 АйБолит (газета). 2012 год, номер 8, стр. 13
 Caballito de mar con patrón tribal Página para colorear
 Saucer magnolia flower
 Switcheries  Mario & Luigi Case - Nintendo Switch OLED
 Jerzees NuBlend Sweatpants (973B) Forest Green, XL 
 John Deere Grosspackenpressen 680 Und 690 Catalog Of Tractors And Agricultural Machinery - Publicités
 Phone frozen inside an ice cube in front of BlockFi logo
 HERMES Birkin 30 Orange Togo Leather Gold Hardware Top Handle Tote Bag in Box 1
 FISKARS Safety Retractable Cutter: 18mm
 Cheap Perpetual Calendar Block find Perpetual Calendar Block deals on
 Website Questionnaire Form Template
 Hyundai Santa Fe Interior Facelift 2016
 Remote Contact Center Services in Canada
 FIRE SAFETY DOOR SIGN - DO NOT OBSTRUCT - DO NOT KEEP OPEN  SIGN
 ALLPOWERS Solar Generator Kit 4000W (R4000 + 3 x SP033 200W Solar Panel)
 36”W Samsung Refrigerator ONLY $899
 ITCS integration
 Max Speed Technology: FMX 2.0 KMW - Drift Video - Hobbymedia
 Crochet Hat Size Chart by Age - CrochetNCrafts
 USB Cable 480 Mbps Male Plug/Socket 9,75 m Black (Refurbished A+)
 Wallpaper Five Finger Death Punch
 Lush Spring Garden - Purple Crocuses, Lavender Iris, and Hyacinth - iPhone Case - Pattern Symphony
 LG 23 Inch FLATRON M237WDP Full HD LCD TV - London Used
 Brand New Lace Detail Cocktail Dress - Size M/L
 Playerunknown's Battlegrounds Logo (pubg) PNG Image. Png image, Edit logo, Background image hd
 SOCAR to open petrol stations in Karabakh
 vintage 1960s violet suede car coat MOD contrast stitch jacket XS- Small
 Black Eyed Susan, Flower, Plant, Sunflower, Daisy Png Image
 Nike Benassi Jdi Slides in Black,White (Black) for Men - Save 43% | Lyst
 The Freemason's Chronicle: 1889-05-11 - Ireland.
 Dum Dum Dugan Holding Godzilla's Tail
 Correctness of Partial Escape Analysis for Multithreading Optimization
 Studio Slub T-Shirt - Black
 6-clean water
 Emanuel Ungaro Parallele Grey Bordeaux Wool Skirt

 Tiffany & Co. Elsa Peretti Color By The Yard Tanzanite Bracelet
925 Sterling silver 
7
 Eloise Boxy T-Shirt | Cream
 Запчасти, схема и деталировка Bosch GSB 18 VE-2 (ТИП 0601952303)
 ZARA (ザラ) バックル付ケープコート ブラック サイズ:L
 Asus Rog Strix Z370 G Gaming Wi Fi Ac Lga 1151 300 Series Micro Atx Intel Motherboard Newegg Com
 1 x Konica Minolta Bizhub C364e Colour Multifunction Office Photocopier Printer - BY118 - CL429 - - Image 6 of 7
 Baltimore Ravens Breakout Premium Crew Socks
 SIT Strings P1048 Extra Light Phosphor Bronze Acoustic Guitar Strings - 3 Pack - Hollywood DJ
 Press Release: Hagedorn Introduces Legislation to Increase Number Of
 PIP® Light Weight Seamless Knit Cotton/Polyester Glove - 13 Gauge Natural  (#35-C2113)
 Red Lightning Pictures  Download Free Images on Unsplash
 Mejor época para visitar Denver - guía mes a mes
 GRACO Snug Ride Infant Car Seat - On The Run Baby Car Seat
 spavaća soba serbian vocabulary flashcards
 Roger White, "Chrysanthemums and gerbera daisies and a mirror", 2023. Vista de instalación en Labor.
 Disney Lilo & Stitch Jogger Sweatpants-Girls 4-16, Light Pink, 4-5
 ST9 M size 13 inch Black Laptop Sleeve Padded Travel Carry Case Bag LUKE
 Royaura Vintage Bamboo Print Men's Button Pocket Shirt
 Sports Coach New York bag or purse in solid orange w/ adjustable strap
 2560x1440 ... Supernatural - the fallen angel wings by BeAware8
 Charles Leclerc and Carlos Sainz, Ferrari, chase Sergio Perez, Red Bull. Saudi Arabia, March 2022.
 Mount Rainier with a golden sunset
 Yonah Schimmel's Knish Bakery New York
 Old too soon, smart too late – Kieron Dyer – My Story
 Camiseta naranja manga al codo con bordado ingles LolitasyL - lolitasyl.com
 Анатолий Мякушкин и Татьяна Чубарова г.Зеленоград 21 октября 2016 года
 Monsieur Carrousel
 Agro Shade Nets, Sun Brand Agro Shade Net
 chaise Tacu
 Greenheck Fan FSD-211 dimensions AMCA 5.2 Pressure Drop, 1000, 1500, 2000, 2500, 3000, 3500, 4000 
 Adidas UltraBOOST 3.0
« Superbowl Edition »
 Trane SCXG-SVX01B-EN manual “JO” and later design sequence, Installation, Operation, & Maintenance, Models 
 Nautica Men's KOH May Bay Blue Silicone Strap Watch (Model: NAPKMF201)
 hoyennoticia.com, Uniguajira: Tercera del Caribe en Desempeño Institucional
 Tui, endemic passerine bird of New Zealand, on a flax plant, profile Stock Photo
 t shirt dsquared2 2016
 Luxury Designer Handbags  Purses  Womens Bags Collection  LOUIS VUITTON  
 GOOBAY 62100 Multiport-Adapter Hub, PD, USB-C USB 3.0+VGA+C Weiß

────

Which lines of the records above contain the word "York"? Report each one in full.

 Sports Coach New York bag or purse in solid orange w/ adjustable strap
 Yonah Schimmel's Knish Bakery New York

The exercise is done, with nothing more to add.